Some of my thoughts on the matter:
- I'd say that when you're buying a cup of coffee, you're buying a set amount and thus aren't entitled to the overflow, simply because how could you be? Would they go get an extra glass to put it in? I don't drink coffee, so I may be missing part of this. If it's a "fill-line" situation and they just dump everything above the fill line, then I'd say my point still stands, that the customer isn't entitled to it, but that it's rather dumb of the company to just throw it away. It's better to act in a spirit of gratuitousness (to quote Pope Benedict).
- On the topic of seeing everybody's thoughts on the internet, I actually heard a brilliant observation recently. The trouble with the internet is that you get a taste of God's level of omnissance (in the sense that you're seeing well beyond yourself), but without anywhere near His Grace and Mercy (in how you perceive others), or Confidence and Understanding (in how you perceive frightening or disheartening news). In other words, it's an imbalanced power that makes us all a bit batty. This was already a problem with Mass Media itself, but the internet has absolutely supercharged it.
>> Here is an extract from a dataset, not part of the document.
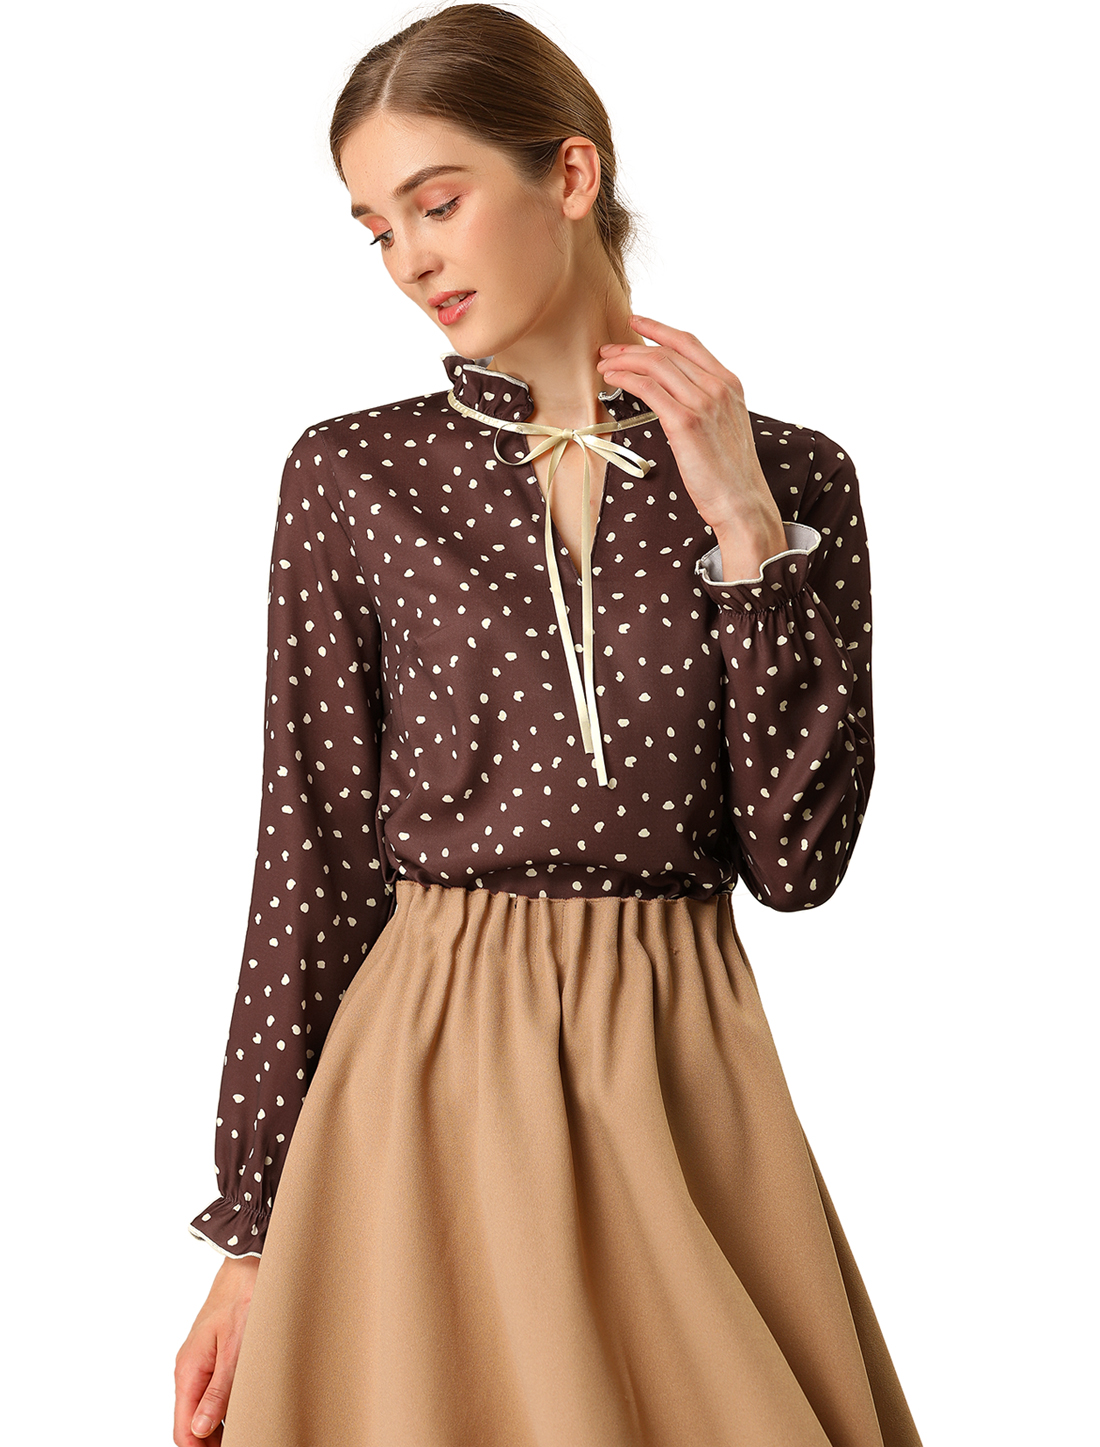 Allegra K Women's Tie Ruffled Neck Polka Dots Blouse Tops Maroon Red S

- In regards to internet behavior, I think this is largely just a result of anonymity. While it's often argued that it's a feature, not a bug, at the end of the day, when you have no direct consequences to your speech, you're more likely to just act like a jerk, especially in a medium that already reduces empathy and awareness. If everything you said on the internet was more readily tied back to you, there may be less vitriol. Although I guess Facebook and Nextdoor prove me wrong there. Although that may be more generational, since I think young adults people are more aware of how things you say on the internet can come back to bite you hard, even if your name's not attached to it.
There's also another side to the coin that you don't know who your audience is on the internet, and that everyone's speech is perceived as being equivalent when in fact there are imbalances at play. In the simplest case, dumb teenagers with terrible opinions can come across as being of any age, and thus influence the discourse more than they would in real life. In more nefarious cases, state actors can hire people to comment all over the internet (every Youtube video on a subject, every news article comment section, all over social media) to broadcast a message fast enough to make it seem like consensus, even when it's not, which has a strong impact on public opinion. There's simply an inherent danger there that runs against the idea of free speech but needs to still be mitigated against since the outcomes are so hazardous. I think it's evidence that absolute free speech is untenable if divorced from the concept of consequence and personalism, much in how a free market stops working if you let things become monopolies. In other words, there's a case for at least some regulation to prevent abuse which then leads to less useful speech over time.
- Finally, in regards to tenant agreements preventing similar businesses from opening up, I frankly think that's absolutely insane and should be illegal. It's pure anti-competitive nonsense full stop, and just allows bullying of towns and property owners by large businesses. While a building owner may not want to locate two similar shops in his plaza simply to maintain a stable business environment, the business itself should have no claim to that privilege. This is something that actually hit my town recently, after our Sam's Club closed, and Walmart (who was right up the road) put a building covenant on the space preventing it from having businesses in there that compete with Walmart. The end result was that the building sat vacant for years (since what do you even put into a building that size that isn't just another big box store?) until finally we had to settle for a Tesla dealership and self-storage place (the two best land uses, combined into one!). Behavior like this kills free markets, and is frankly ridiculous.